9

189 14 21
                                    

Semoga ketika ini harus berakhir, kita di jauhkan tanpa ada salah satu hati yang tersakiti.

***

Hujan turun semakin deras di luar, namun gemuruh petir yang biasanya menakutkan itu kini terdengar biasa saja di telinga Sherina, tertutup suara detak jantungnya penuh cinta. Tangannya membawa sepiring udang asam manis dan cah kangkung di piring lain untuk kemudian ia letakkan di meja makan.

"Hmmmm.. dari baunya aja aku udah bisa nebak rasanya!" Sadam menarik nafas, menghirup harum masakan di hadapannya. Masakan sederhana yang terlihat mewah di mata Sadam. Sherina melebarkan senyum, menaruh dua piring nasi.

"Selamat makan!" keduanya berujar bersamaan lalu tertawa.

"Berdoa dulu jangan lupa!" Sherina mengingatkan.
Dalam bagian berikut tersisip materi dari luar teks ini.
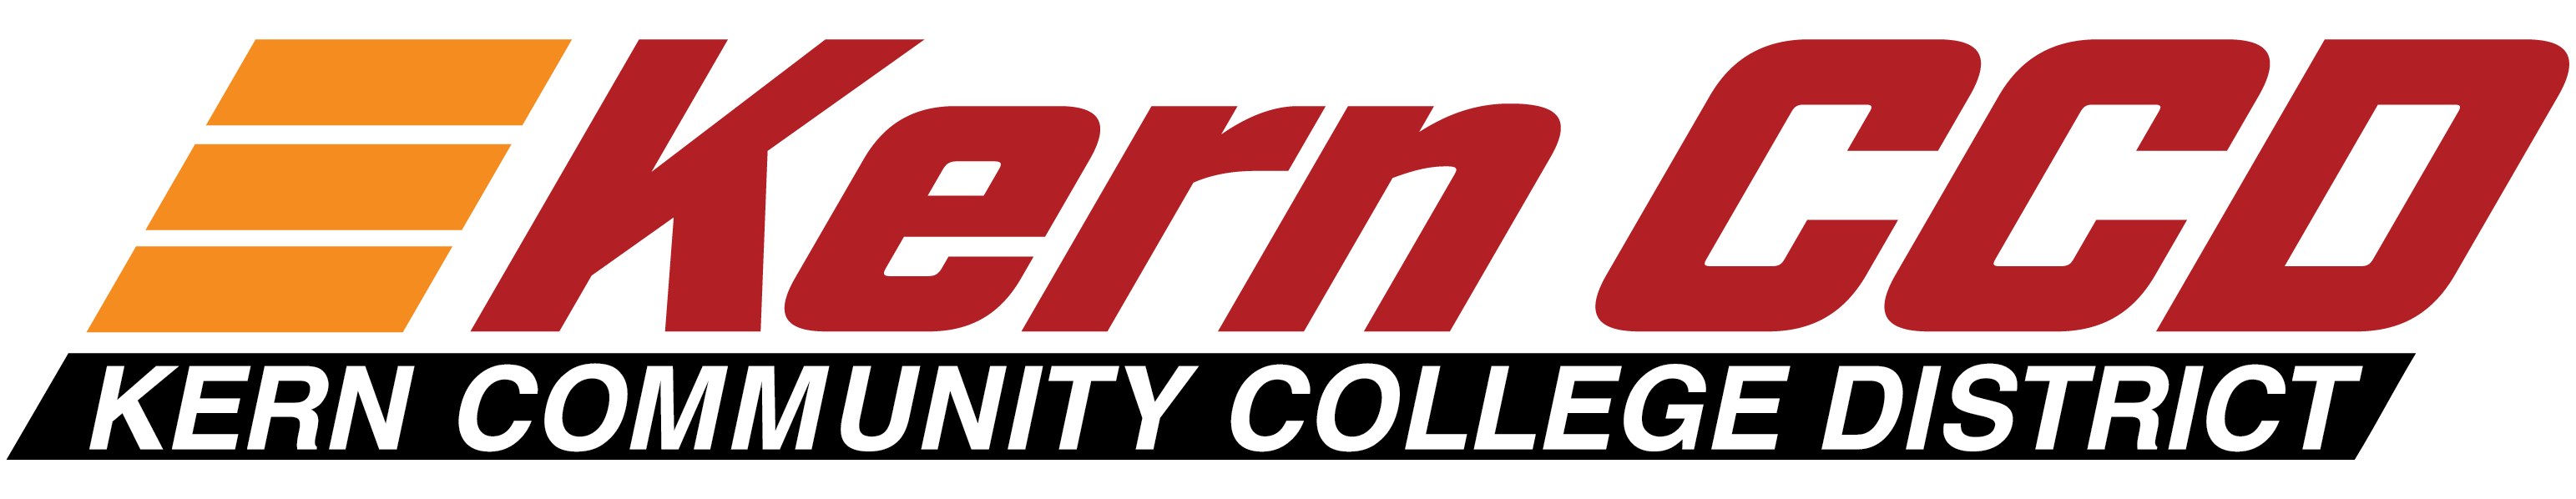 Kern Community College District Logo

Duduk berhadapan dengan cara berdoa yang berbeda. Sherina menepis apapun yang ada di pikirannya tentang hubungannya dengan Sadam yang baru saja di mulai. Yang Sherina tahu dan yakini adalah ia menginginkan Sadam selalu ada di dekatnya.
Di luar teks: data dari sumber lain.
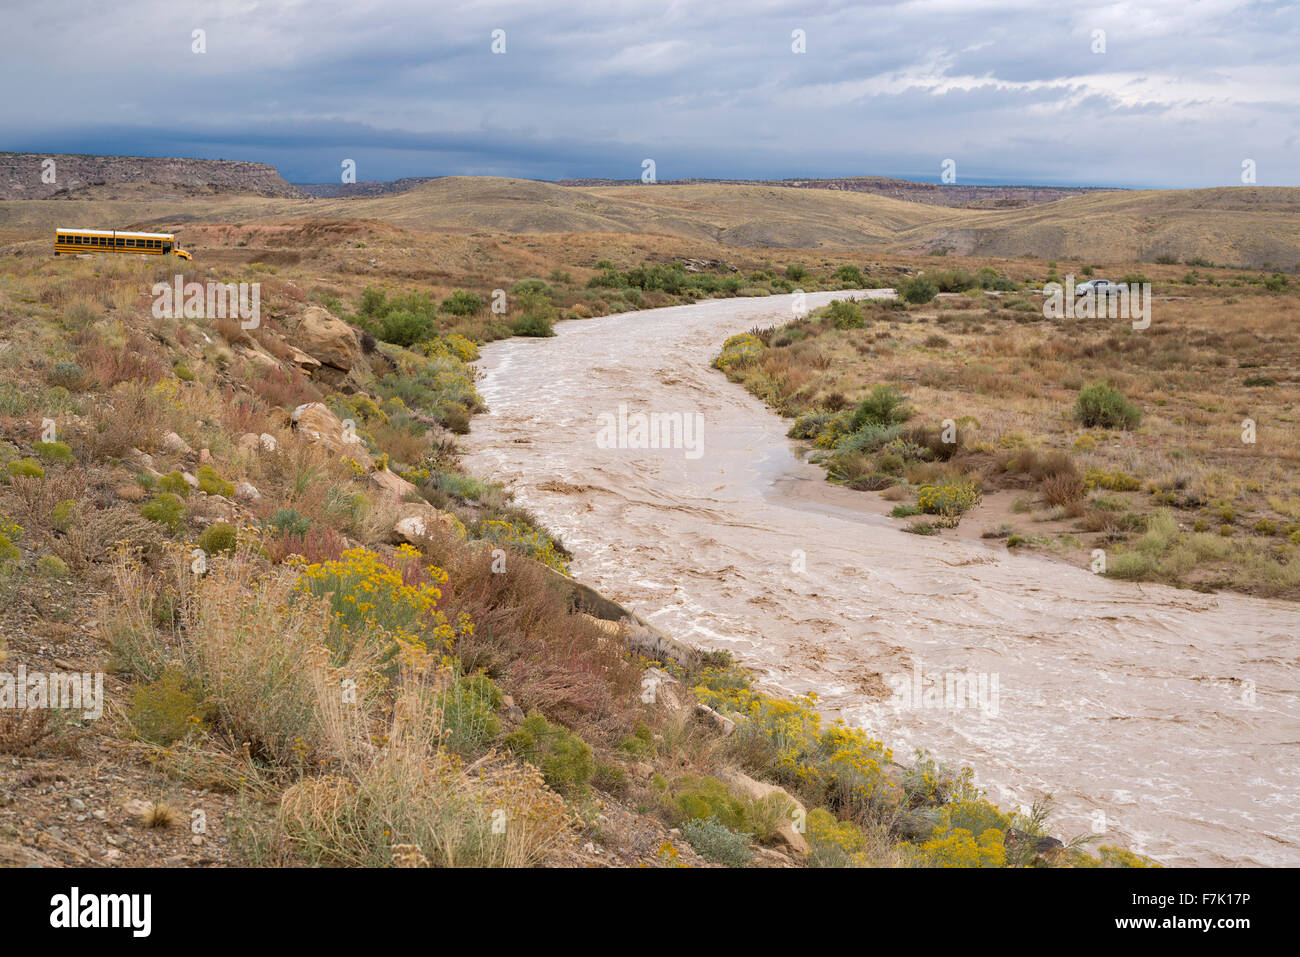 School bus and truck unable to cross Monezuma Creek in flood, Navajo Nation, Utah. Stock Photo

"Enak banget Sher! Masakan mami sih kalah ini!" Sadam terdengar bereaksi berlebihan.

"Ngaco kamu ah.. dimana-mana masakan seorang ibu itu pasti jadi yang paling enak!"

"Ya kan kamu juga ibu dari anak-anak aku.." Sherina menghentikan kunyahannya, terkejut dengan ucapan Sadam "Simba, Simas, Marble?" lantas perempuan itu terkekeh.

"Berarti nanti kalau males makan, terus aku kasih kamu wet food, harus mau ya!"

"Nah ini lebih ngaco!"

Keduanya tergelak sesaat sebelum kembali fokus menikmati hidangan di depan mereka. "Maaf ya, makanan nya sederhana banget.. aku belum bisa masak makanan yang bumbunya heboh.." Sherina mendorong piringnya yang sudah kosong di depannya.

"Mmm.. enggak loh, ini enak banget Sher! Apalagi makannya bareng kamu.. jadi makin enak rasanya!"

"Apa sih Dam?!" Sherina beranjak membawa piring kotor nya untuk langsung ia cuci. Sadam tertawa lalu melakukan hal yang sama. Berdiri di samping Sherina, mengantri untuk juga mencuci piring miliknya. "Sini aku aja yang cuci sekalian.."

"Gak usah, aku aja.. aku bisa kok sekalian cuci tangan.."

"Awas kalau pecah yaa.." Sherina kemudian membilas piring dan tangannya, menyingkirkan busa sabun disana ketika Sadam kini beralih berdiri di belakangnya.

"Biar piringnya gak pecah coba tolong di perhatiin cara aku cuci piring." ucapnya membuat Sherina justru mematung dengan detak jantung yang seolah bisa melompat dari tempatnya. Keduanya bertahan dalam posisi itu tak lama, ketika Sadam selesai membilas piringnya, saat itu juga Sherina terbebas.

Sherina meraih dua cangkir dari deretan rak piringnya "Mau minum teh gak?"

"Boleh, kayaknya enak hujan-hujan gini minum teh hangat.." Sadam kembali duduk di kursi meja makan. Baru sempat ia memperhatikan seisi rumah Sherina. Terlihat rapi dan nyaman setiap sudutnya. SinArt, tulisan yang menggantung di salah satu pintu itu membuat Sadam penasaran. "Itu, ruangan tempat kamu melukis ya?" Tanya Sadam saat Sherina meletakan secangkir teh panas di depannya.

Sherina yang masih berdiri di sebelah Sadam itu menganggukkan kepala, ikut menatap ke arah pintu itu. "Tepatnya, tempat aku menuangkan semua emosiku.." Sadam menoleh ke arah sampingnya, sedikit mendongak menatap Sherina dengan sorot mata yang terlihat lain.